После пира мы с Калигулой переходим к делу. Отведя майора Таккера в сторонку мы требуем выкуп. Майор достает агломерацию валюты на сумму, составляющую примерно стоимость городского участка в предместьях Кроликбурга, что в штате Аризона, и издает следующий крик отчаяния:

— Джентльмены! Акции Железнодорожной Ветки Восход — Парадиз несколько обесценились. Заем, который я смог получить под залог акций на сумму в тридцать тысяч долларов, составил всего лишь восемьдесят долларов пятьдесят центов. Выправив девятую по счету закладную на сельскохозяйственные угодья полковника Рокингема, судья Пендергаст получил еще пятьдесят долларов. Благоволите пересчитать всю сумму — сто тридцать семь пятьдесят.

— Президент железной дороги, владелец тысячи акров земли, и несмотря на это… — говорю я, глядя прямо в глаза этому Таккеру.

— Джентльмены, — поясняет Таккер, — протяженность железной дороги составляет десять миль. Ни один поезд не может по ней пройти до тех пор, пока поездная бригада, сделав остановку в сосновом лесу, не наберет достаточно шишек, чтобы развести пары. В доброе старое время, когда дела шли хорошо, чистый доход составлял восемнадцать долларов в неделю. Земли полковника Рокингема тринадцать раз были проданы в уплату налогов. Последние два года в этой части Джорджии был неурожай персиков. Дождливая весна сгубила все дыни. Ни у кого во всей округе нет денег для покупки удобрений, а земля такая плохая, что кукуруза не уродилась, и не хватает даже травы на прокорм кроликам. Уже больше года никто не ел здесь ничего, кроме свинины с мамалыгой и…

— Пик, — говорит Калигула, взъерошив свою рыжую шевелюру, — что ты намерен делать с этой мелочью?
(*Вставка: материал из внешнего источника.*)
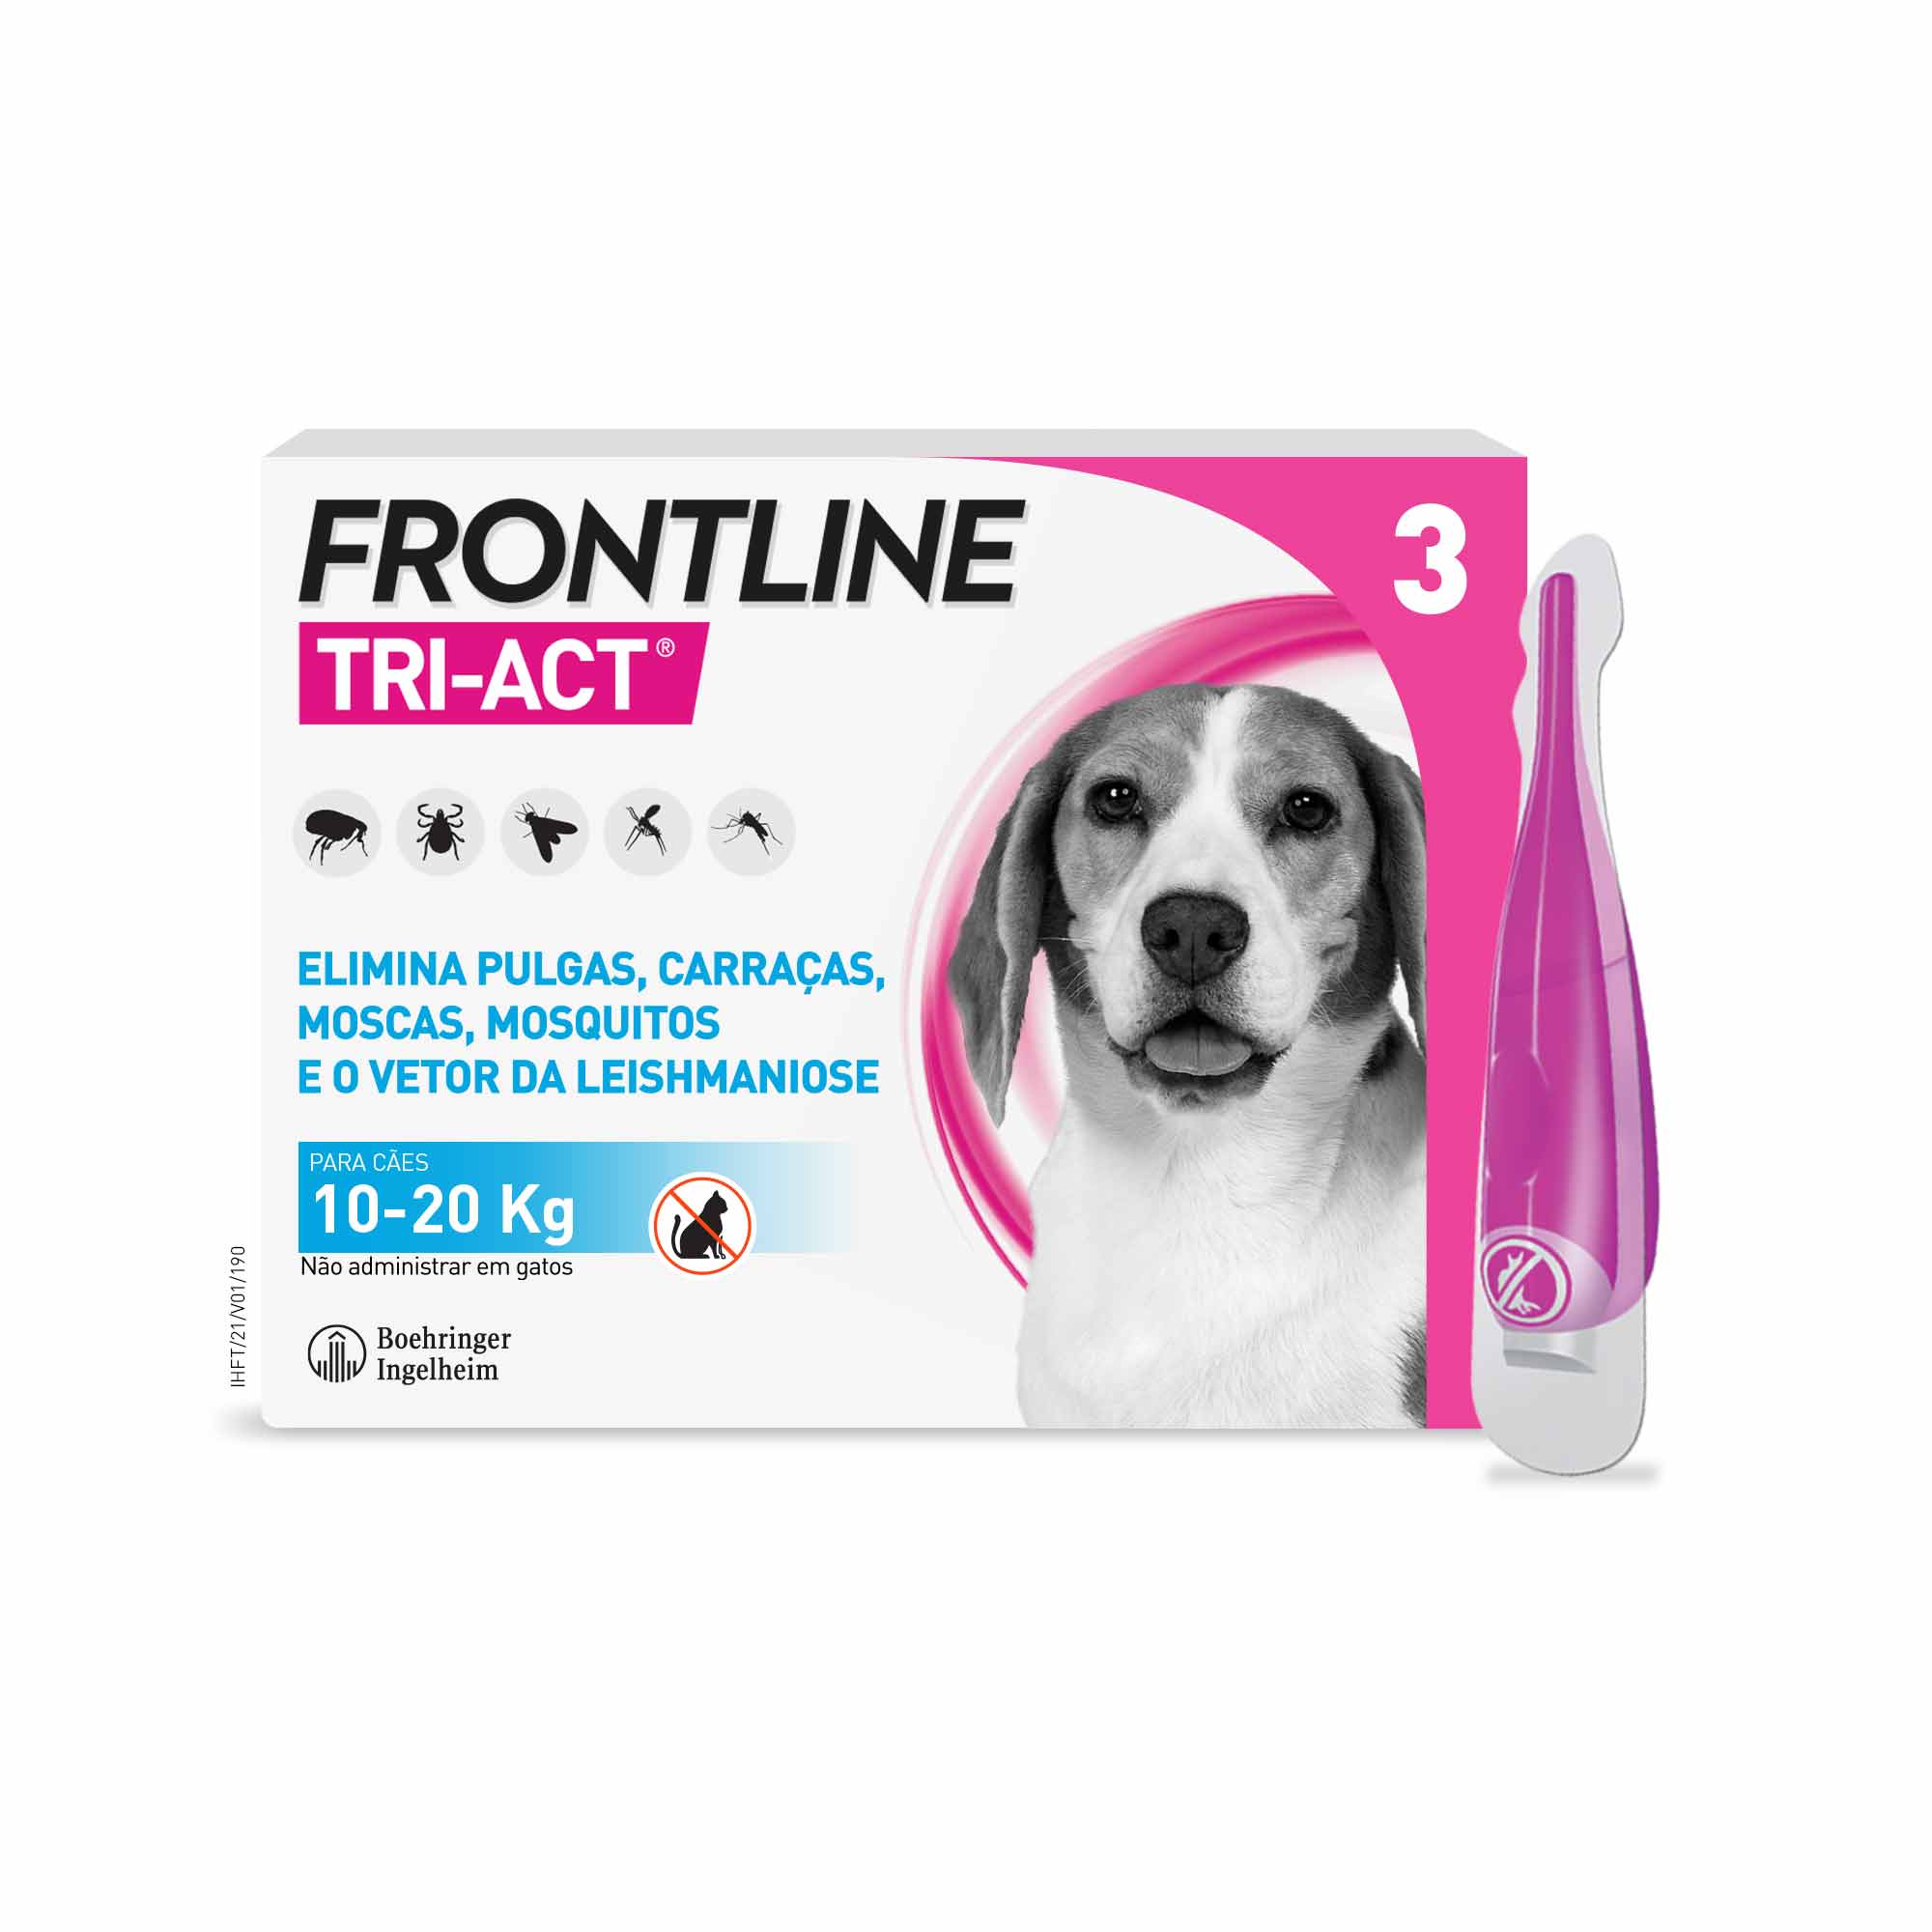 FRONTLINE TRI-ACT CÃO 10-20 KG X 3

Я возвращаю деньги майору Таккеру, подхожу к полковнику Рокингему, хлопаю его по плечу и говорю:

— Полковник, надеюсь, вам понравилась наша маленькая шутка. Однако мы не хотим заходить слишком далеко. Это мы-то похитители? Умора, да и только! Меня зовут Райнгелдер, и я племянник Чонси Депью.[125] Мой друг — внучатый кузен редактора юмористического журнала «Пак». Полагаю, что теперь вам все ясно. Мы приехали на Юг немножко поразвлечься. Осталось еще две кварты коньяку, и на этом, пожалуй, можно поставить точку.
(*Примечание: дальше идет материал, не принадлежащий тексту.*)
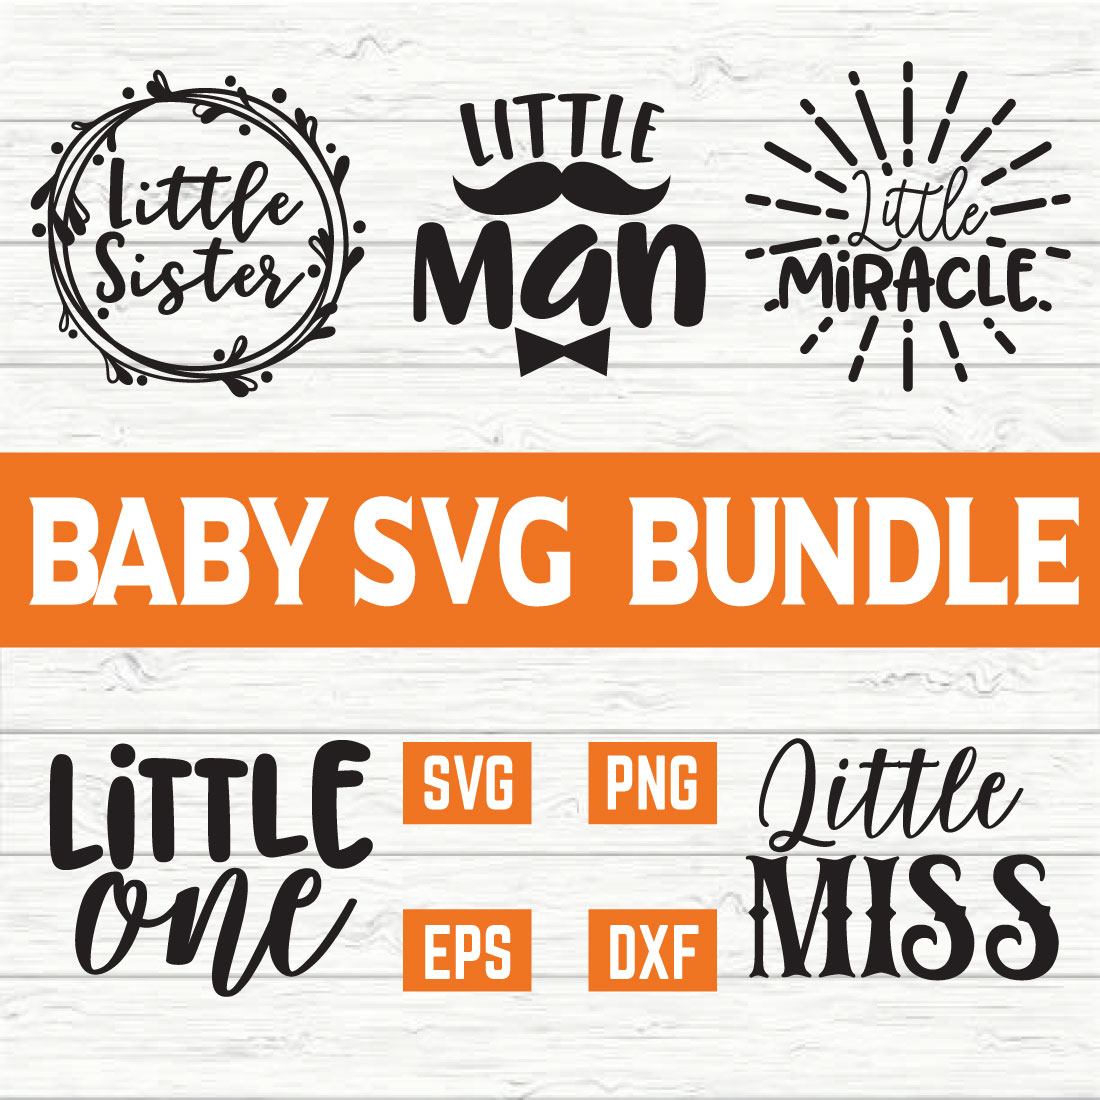 Baby Typography Design Bundle vol 6 preview image.

Стоит ли вдаваться в подробности? Приведу лишь два-три примера. Мне запомнилось, как майор Таллахасси Таккер играл на варгане, а Калигула танцевал вальс с долговязым носильщиком, прижавшись головой к его желудку. Не знаю, уместно ли будет упомянуть о кекуоке, который исполнили мы втроем с мистером Паттерсоном Дж. Коблом и полковником Джексоном Т. Рокингемом.

А на следующее утро — хотите верьте, хотите нет — мы с Калигулой все же несколько утешились. Нам стало ясно, что сам Райсули и вполовину так не ублаготворил Бердика Гарриса, как мы ублаготворили Железнодорожную Ветку Восход — Парадиз.

Поросячья этика

Перевод К. Чуковского

Войдя в курительный вагон экспресса Сан-Франциско — Нью-Йорк, я застал там Джефферсона Питерса. Из всех людей, проживающих западнее реки Уобаш, он единственный наделен настоящей смекалкой. Он способен использовать сразу оба полушария мозга да еще мозжечок в придачу.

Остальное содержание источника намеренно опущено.